## Instructions for the task
Without any images, write the data out exactly as it appears.

━━━━━ Provided material

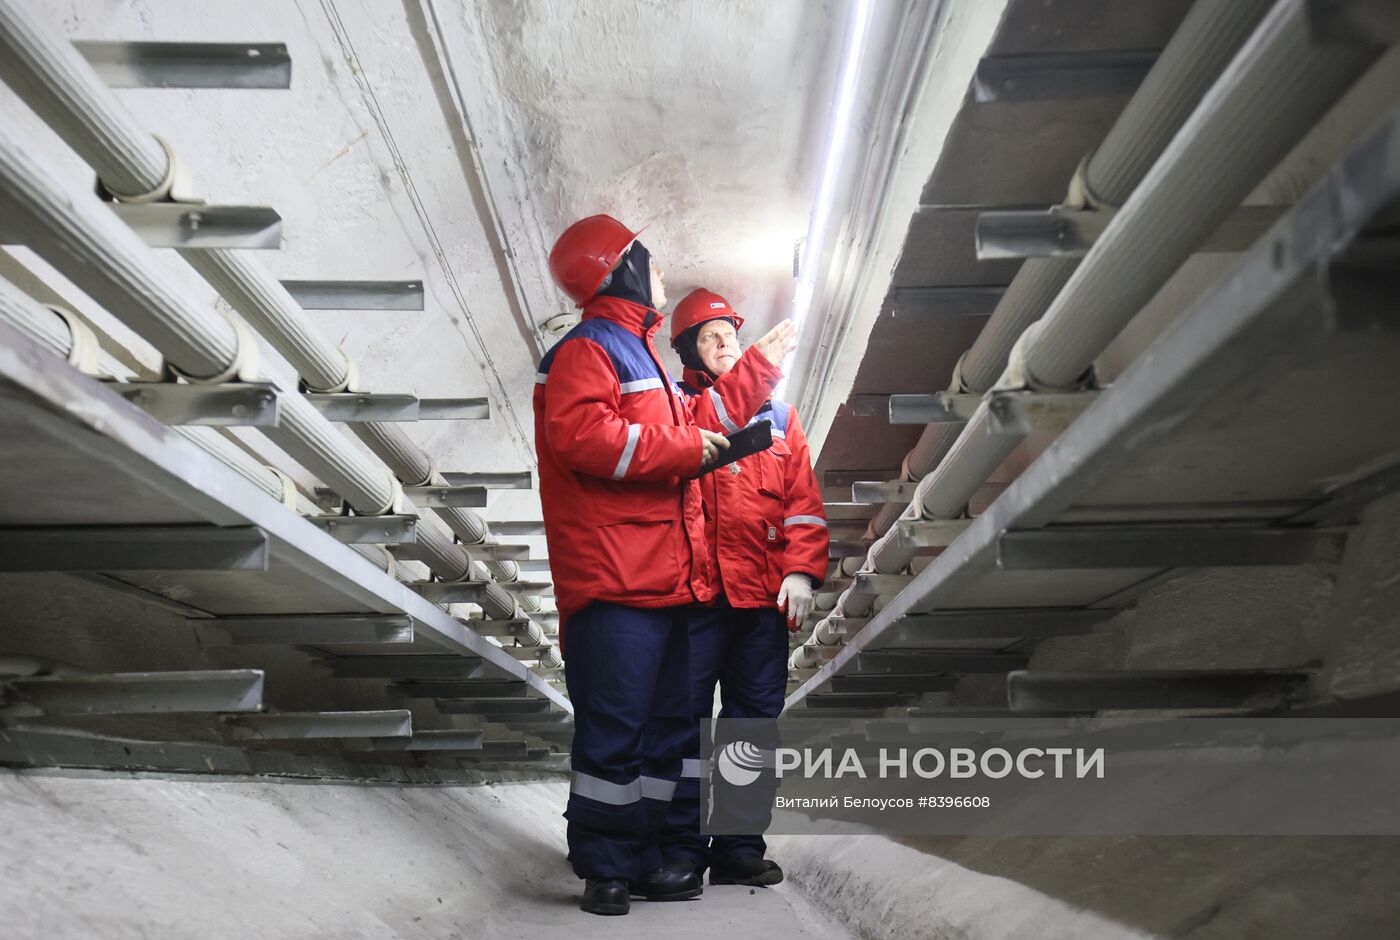 Демонстрация готовности московских энергетиков к периоду паводков
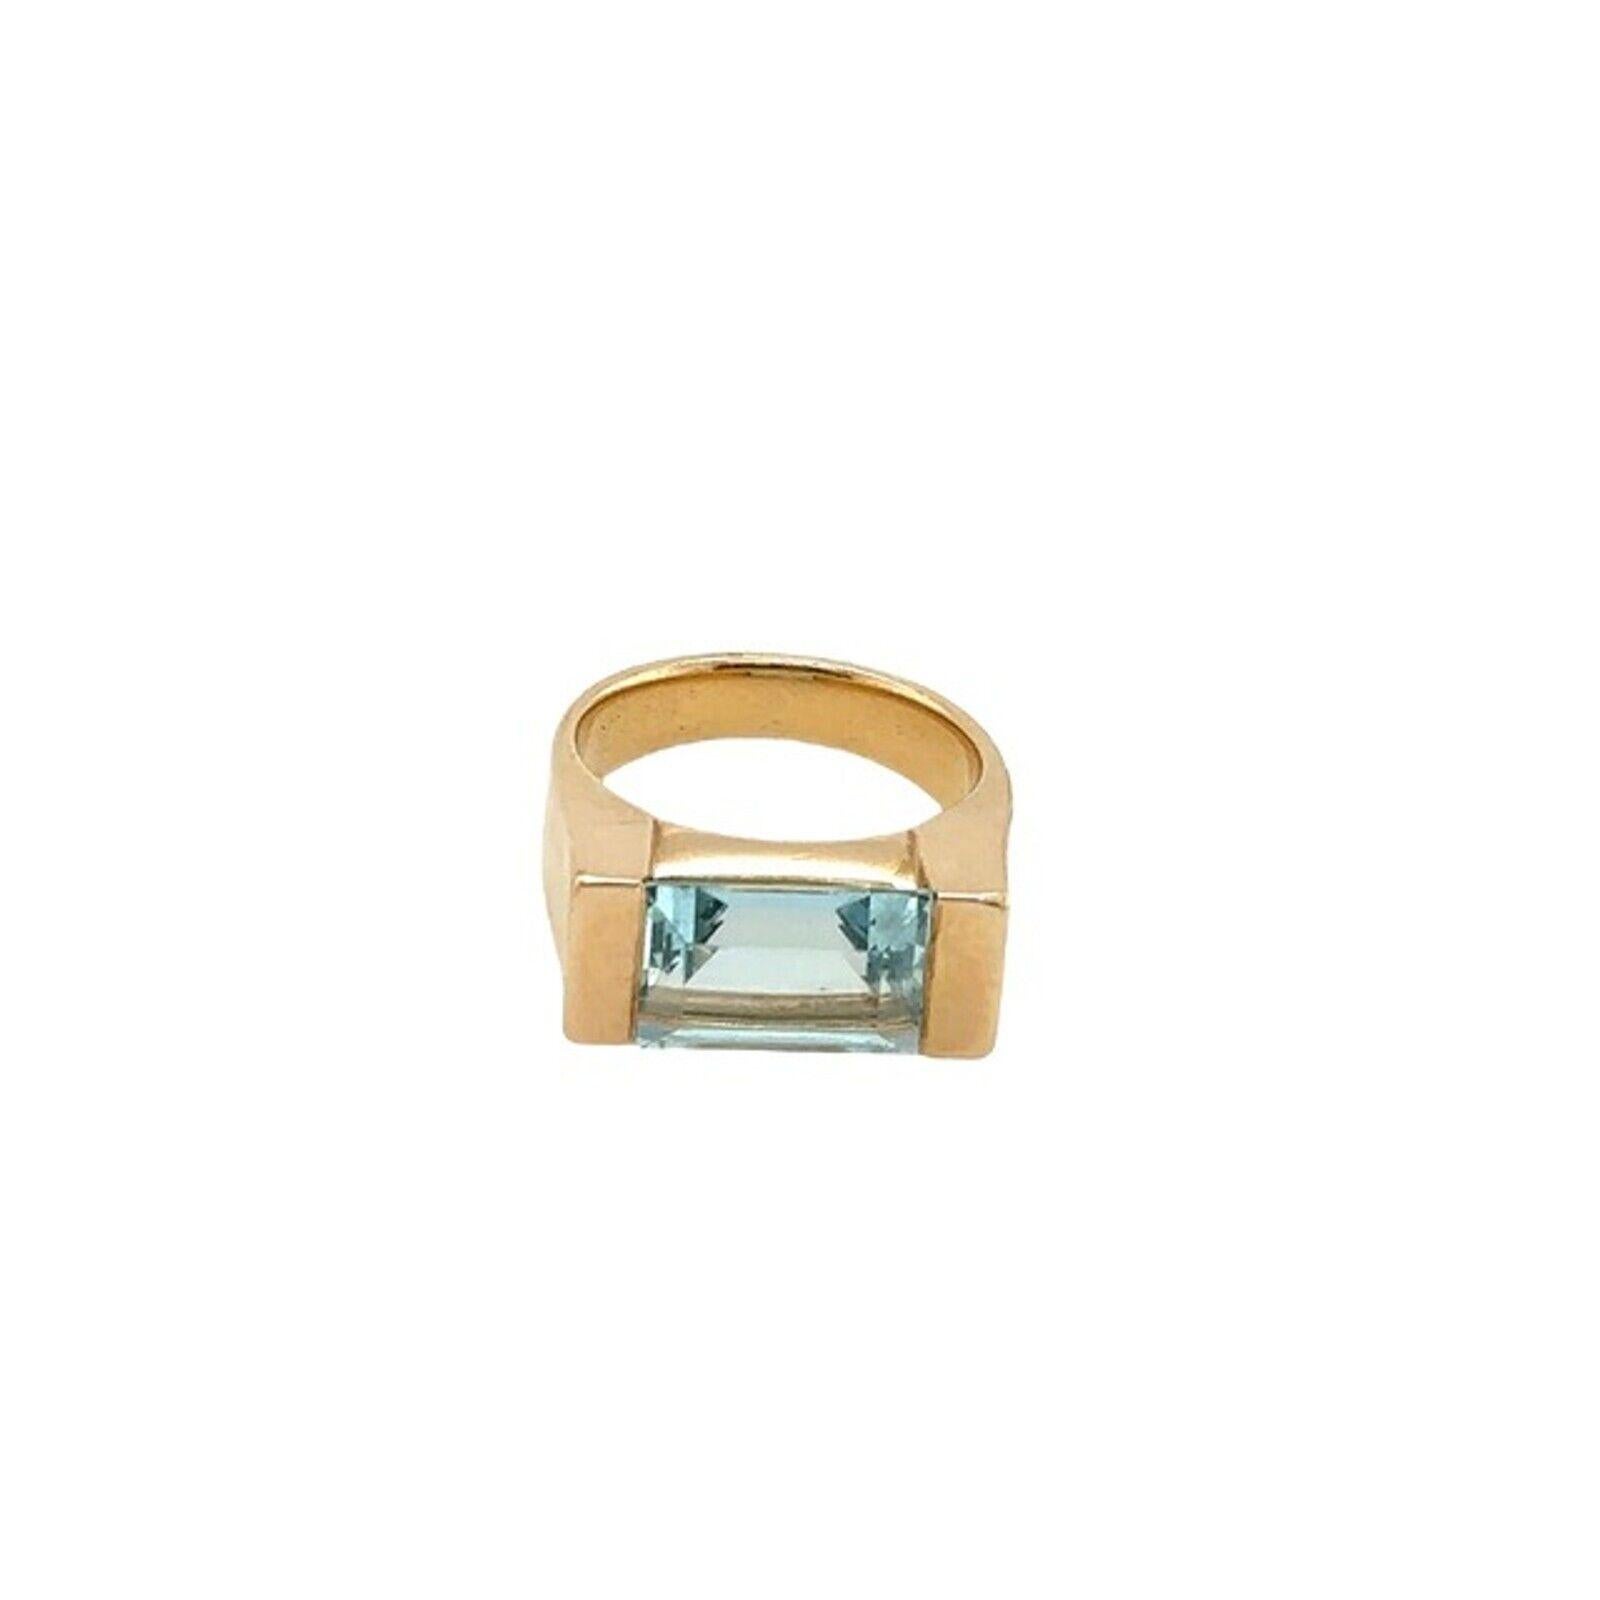 18ct Rose Gold Single Stone Ring, mit 3,0ct feine Qualität Smaragd Form Aquamarin gesetzt, Der Ring ist eine perfekte Ergänzung zu jedem Ensemble und kann zu jedem Anlass getragen werden.

Zusätzliche Informationen:
Gesamtgewicht des Aquamarins:

━━━━━━━━━━

## Answer to this task
 Демонстрация готовности московских энергетиков к периоду паводков
 18ct Rose Gold Single Stone Ring, mit 3,0ct feine Qualität Smaragd Form Aquamarin gesetzt, Der Ring ist eine perfekte Ergänzung zu jedem Ensemble und kann zu jedem Anlass getragen werden.

Zusätzliche Informationen:
Gesamtgewicht des Aquamarins:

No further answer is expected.